The 131st Aviation Regiment is a regiment of the United States Army, constituted under the United States Army Regimental System.

The 31st Aviation Company was first raised for the 31st Infantry Division (United States) in 1959. In 1964 the first unit bearing the name 31st Aviation Battalion was established, again as part of the 31st Infantry Division.
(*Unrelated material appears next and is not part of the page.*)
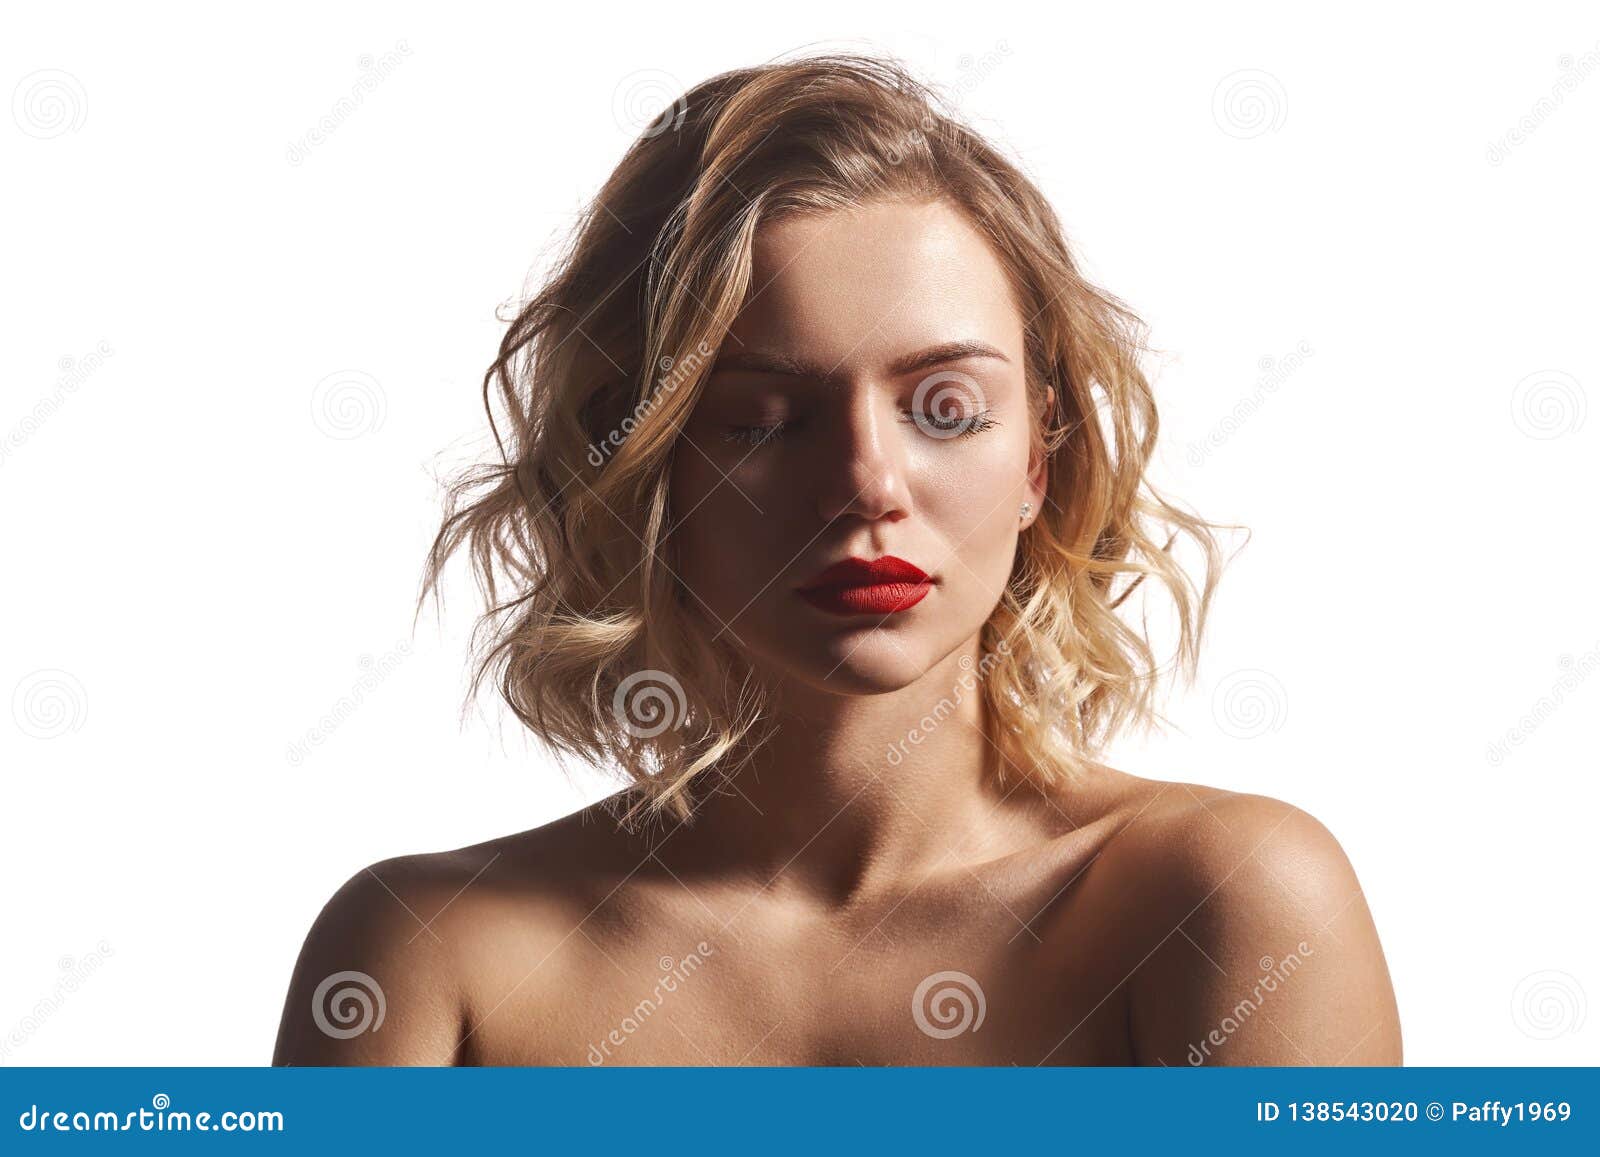 摆在与闭合的眼睛的赤裸美女特写镜头 库存照片. 图片 包括有 肉欲, 华美, 干净, 关心, 脸色, 白种人 - 137392902

The 131st Aviation Regiment traces its history to the 31st Aviation Battalion. The battalion was organized, probably the second unit under that title, on 1 October 1986, from new and existing units in the Alabama, District of Columbia, and Florida Army National Guard as the 31st Aviation Battalion with headquarters at Montgomery, Alabama. Reorganized and redesignated 1 October 1987 as the 131st Aviation, a parent regiment under the United States Army Regimental System, to consist of the 1st Battalion and Companies E and F. Reorganized 1 September 1990 in the Alabama and Colorado Army National Guard to consist of the 1st Battalion and Companies E and F. Reorganized 1 September 1995 in the Alabama, Colorado, and Georgia Army National Guard to consist of the 1st Battalion and Companies E and F.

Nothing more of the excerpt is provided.